Files
skill-lib/BROWSER_SKILL_AUTHORING.md
木炎 51913555ad feat: add initial skill authoring workspace
Co-Authored-By: Claude Sonnet 4.6 <noreply@anthropic.com>
2026-04-02 18:34:56 +08:00

153 lines
4.9 KiB
Markdown

# Browser Skill Authoring
This note captures the browser-skill authoring rules proven during the live
Zhihu hotlist export debugging on 2026-03-30.
## Why This Exists
The live browser run proved that a skill can be selected correctly, the
runtime can call the right browser-script tool, and the task can still fail if
the skill package does not encode enough deterministic extraction logic.
The concrete failure pattern was:
1. `zhihu-hotlist.extract_hotlist` was called correctly.
2. The packaged script relied on stale DOM classes and returned no rows.
3. The runtime fell back to generic `getText` probing.
4. The user saw selector thrashing instead of a stable extraction path.
This document exists to prevent the same failure pattern in future browser
skills.
## Authoring Rules
### 1. Use a packaged script for structured browser tasks
If the task's primary deliverable is structured data such as rows, fields, or a
stable artifact, the skill should expose a deterministic `browser_script` tool.
Do not rely on prose-only instructions for repeated structured extraction.
### 2. Keep a strict extraction ladder inside the script
For browser extraction skills, the script should try data sources in this order:
1. stable structured page state when available
2. generalized DOM candidates that are broader than one historical classname
3. controlled page-text parsing as the last deterministic fallback
Do not jump straight from one brittle selector family to generic browser
probing.
### 3. Treat generic `getText` probing as a fallback of last resort
The packaged script is the primary deterministic path.
If the script fails, it should fail for a specific reason:
- blocked/login/captcha page
- unsupported page shape
- artifact incomplete
Generic browser wandering should begin only after the packaged script has
exhausted its own deterministic fallbacks.
### 4. Encode blocked-page semantics explicitly
A browser skill must distinguish:
- "the expected data is not present"
- "the page is blocked by login, captcha, or anti-bot state"
When the page is blocked, fail with an explicit message. Do not silently report
"no rows" if the real issue is that the page is not usable.
### 5. Make the structured artifact the primary contract
Upstream collection skills should return the structured artifact as soon as it
is stable.
For example, the Zhihu hotlist flow should produce:
```json
{
"source": "https://www.zhihu.com/hot",
"sheet_name": "知乎热榜",
"columns": ["rank", "title", "heat"],
"rows": [[1, "标题", "344万"]]
}
```
Downstream skills such as Office export or screen rendering should consume that
artifact.
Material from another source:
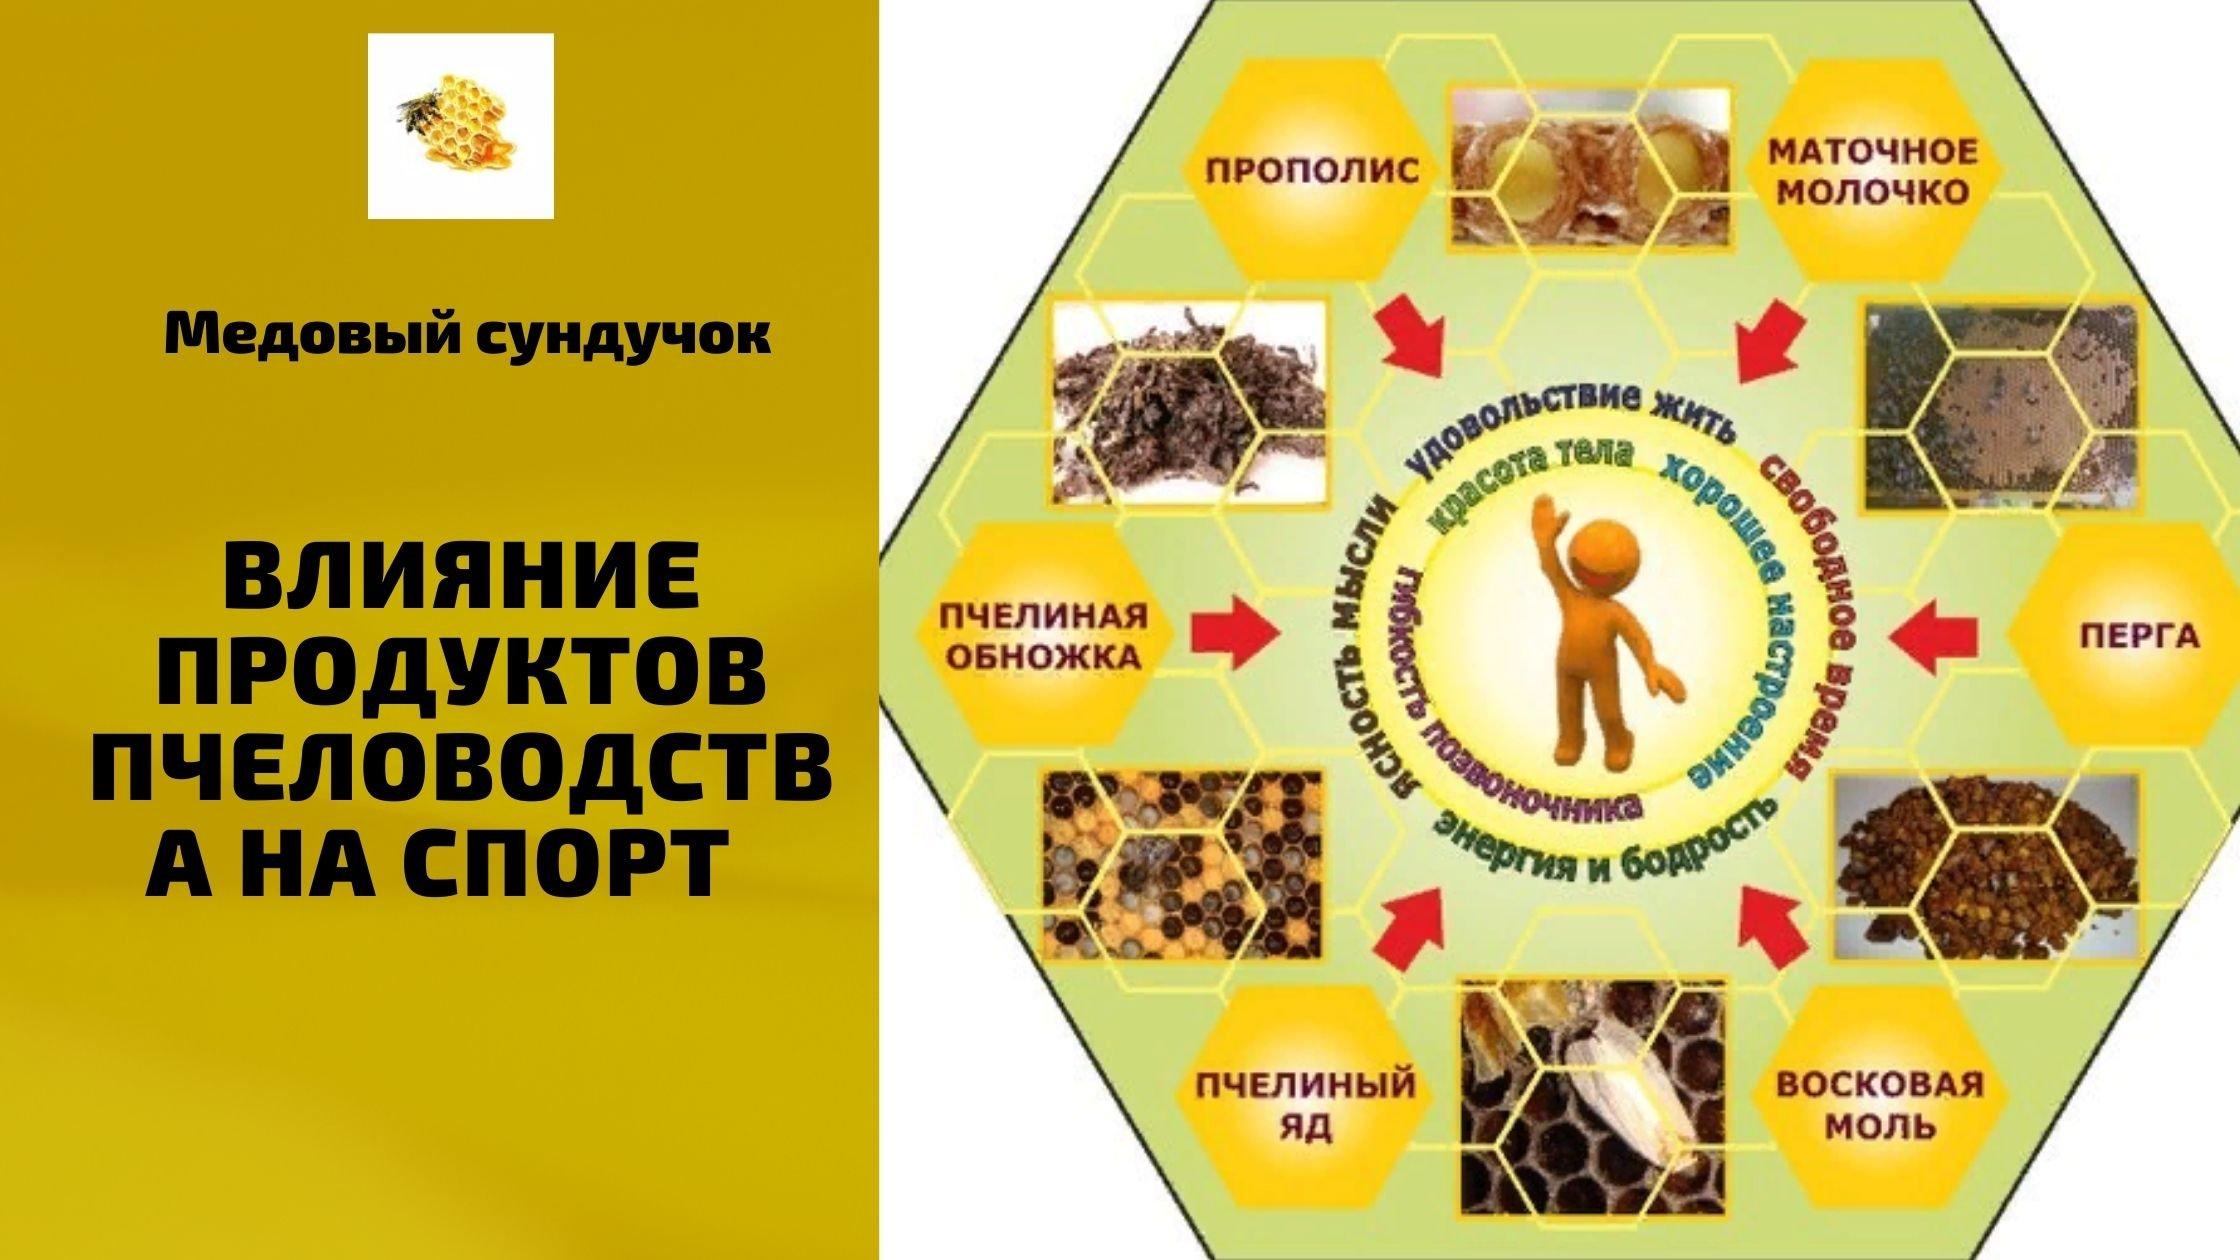 Влияние продуктов пчеловодства на спорт

They should not recollect source data.
### 6. Stop exploratory browser work after the artifact is stable
Once the primary artifact is complete:
- stop selector exploration
- stop unrelated browser wandering
- hand the artifact to the downstream skill or tool
Do not continue reading random page text after the final rows are already
captured.
### 7. Keep skill boundaries narrow and explicit
Separate the responsibilities:
- navigation skill: reach the destination and verify arrival
- collection skill: extract structured data
- export skill: render `.xlsx`
- presentation skill: render `.html` and `presentation`
Do not mix recollection, export, and presentation logic into one downstream
skill.
### 8. Encode host constraints in every browser skill
Browser skills should restate the SuperRPA host contract:
- use `superrpa_browser` semantics inside the browser host
- `expected_domain` is a bare hostname only
- selectors must be valid CSS selectors
- prefer direct routes before brittle click chains
These rules are not "obvious context". They belong in the skill.
### 9. Verify browser skills at multiple layers
A browser skill is not complete without verification at more than one layer:
1. script-level test for the packaged browser script
2. skill-library validation for package structure
3. runtime integration test proving the skill is actually called
4. live acceptance when a real browser session is available
The 2026-03-30 fix only became trustworthy after all four were aligned.
### 10. Keep logs versioned and skill names explicit
Live debugging is much faster when the runtime logs include:
- runtime version
- protocol version
- loaded skill names with versions
- explicit `call skill.tool` messages
Skill packages should be written assuming those logs are part of the
operability contract.
## Update Checklist
When editing a browser skill, check all of the following:
- Does the skill define a deterministic primary path?
- Does it state when generic probing is allowed?
- Does it distinguish blocked pages from missing data?
- Does it define the primary structured artifact clearly?
- Does it stop downstream skills from recollecting data?
- Does it include verification expectations, not only workflow prose?
If any answer is "no", the skill is still under-specified.